Screen-printed radial structure micro radioisotope thermoelectric generator

Abstract

The micro radioisotope thermoelectric generator can be invoked as a long-life power supply in low-power device applications. Improving the current, voltage and power of power sensors by enhancing the properties of thermoelectric material composites matters in low-power device applications. The micro radioisotope thermoelectric generator driven by the temperature difference between radial thermoelectric legs printed on polyimide substrate and the loaded central heat source is reported in this study. The electrical conductivity of n-type Bi2Te2.7Se0.3, p-type Bi0.5Sb1.5Te3, and p-type Sb2Te3 radial thermoelectric legs are 24.57–165.8 S·cm−1, with Seebeck coefficients of −176.6, 223.3 and 139.7 µV·K−1 respectively. Thermoelectric legs are prepared by screen printing with a paste consisting of epoxy resin and BiTe-based powders. The generator has five couples of radial thermoelectric legs, and their material properties are optimized through selecting the preliminary curing temperature.
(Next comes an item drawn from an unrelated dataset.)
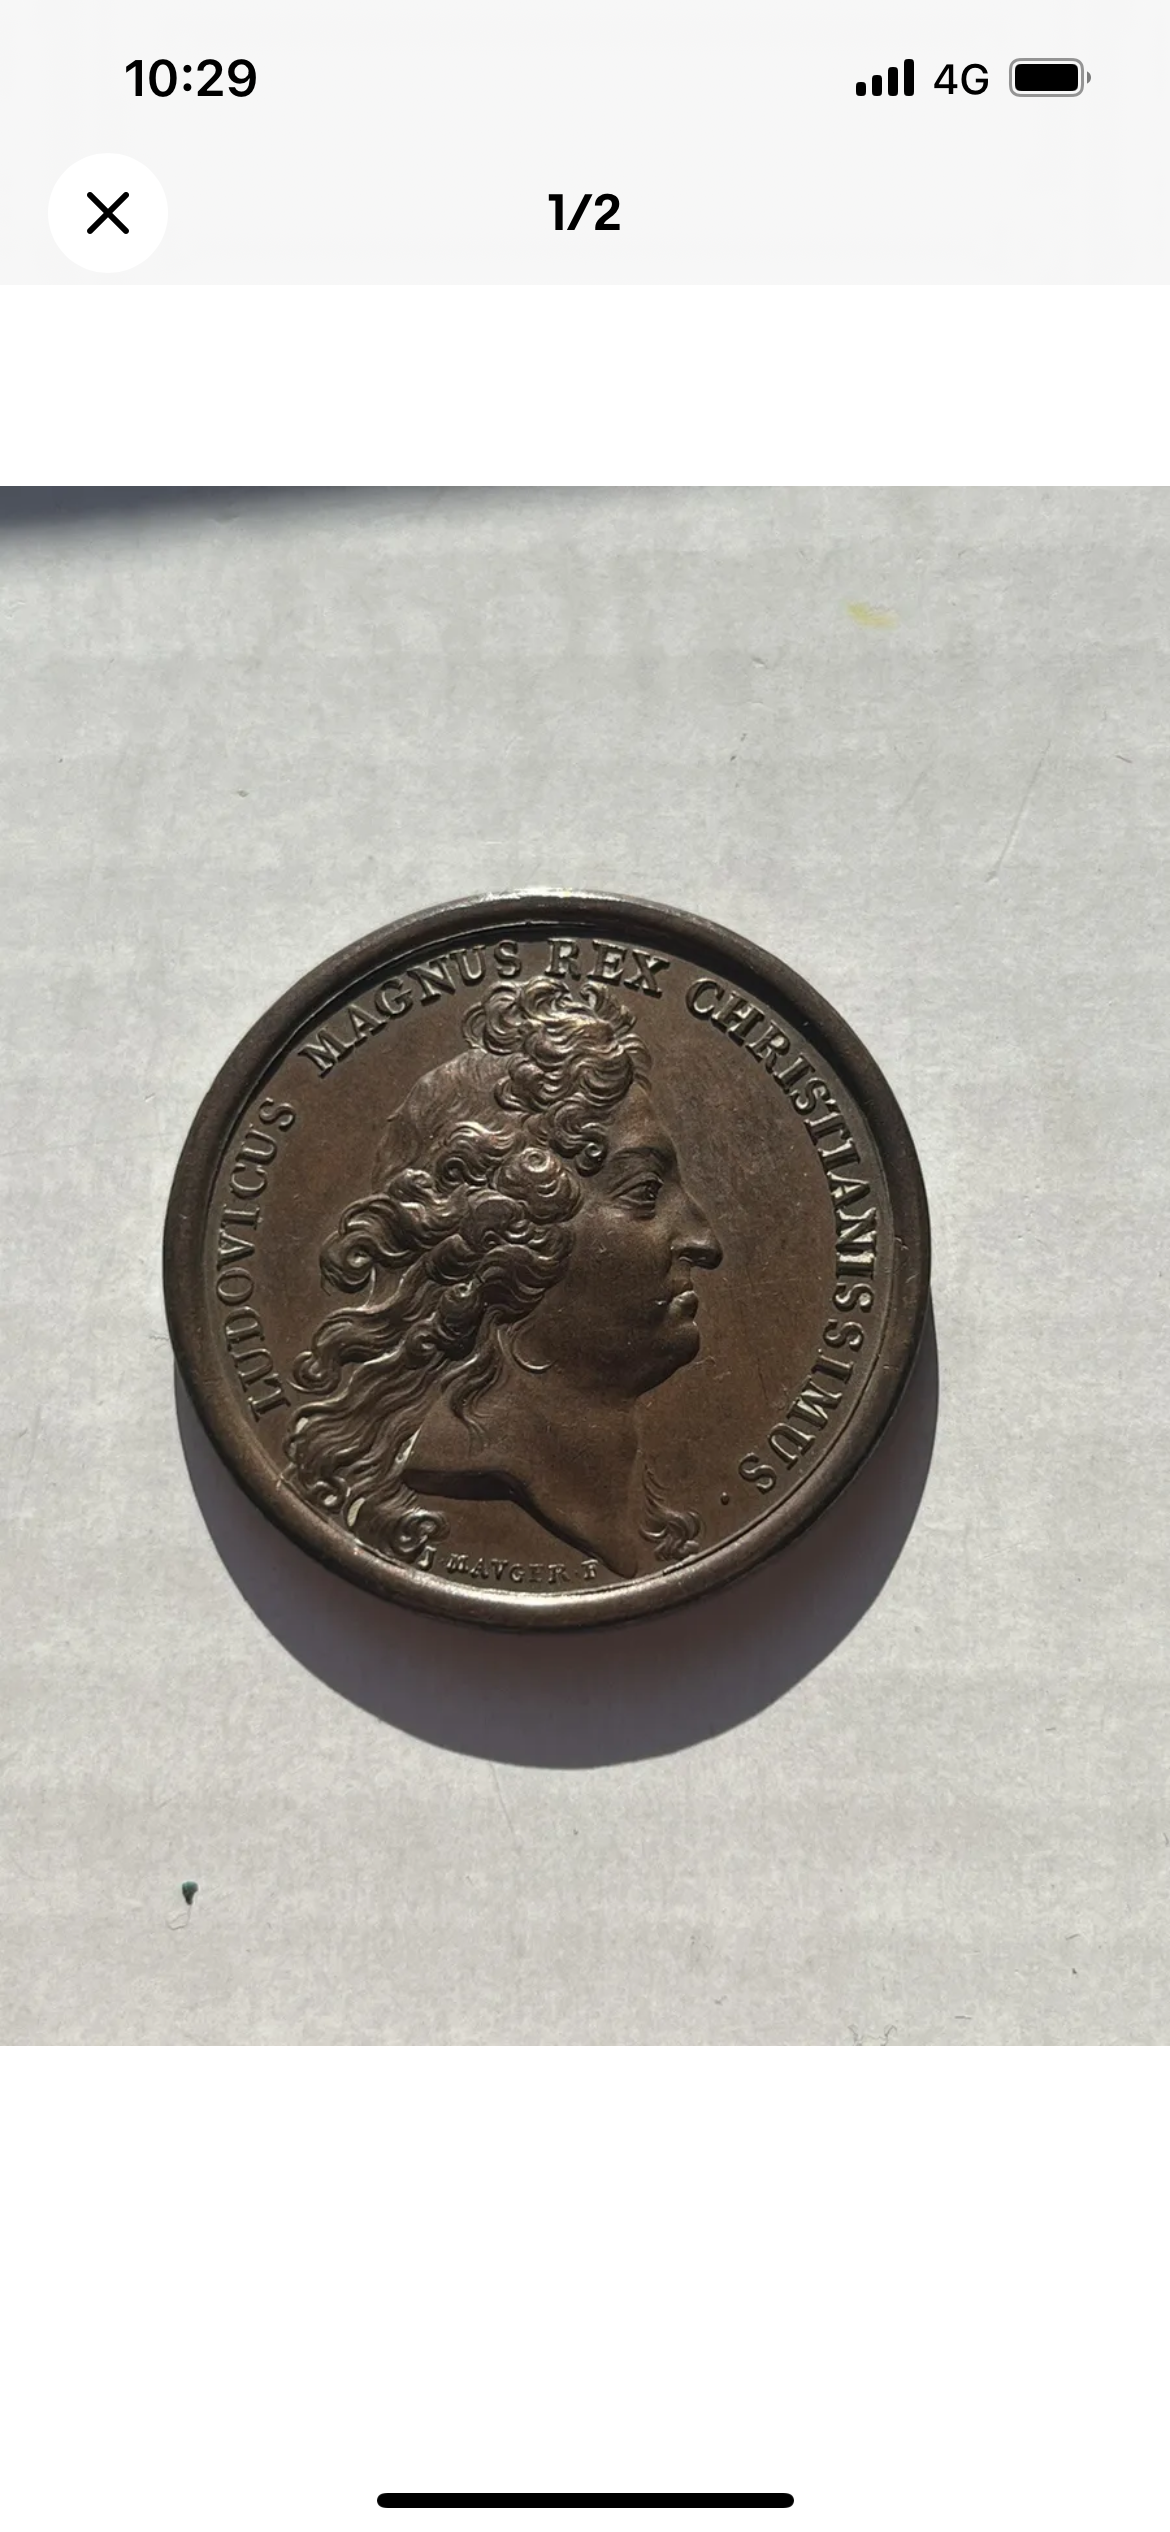 Médaille Mauger de Louis XIV Algérie paix d’Alger 1683 originale

The electrical conductivity of n-type Bi2Te2.7Se0.3, p-type Bi0.5Sb1.5Te3, and p-type Sb2Te3 thermoelectric legs are 24.57–165.8 S·cm−1, with Seebeck coefficients of −176.6, 223.3 and 139.7 µV·K−1 respectively. When loaded with 1.5 W isotope heat sources, the prototype generator would generate an open-circuit voltage of 68.41 mV, a short-circuit current of 329.0 µA, and an output power of 5.81 µW at 39.20 mV. Stacking and series-parallel can harvest considerable energy.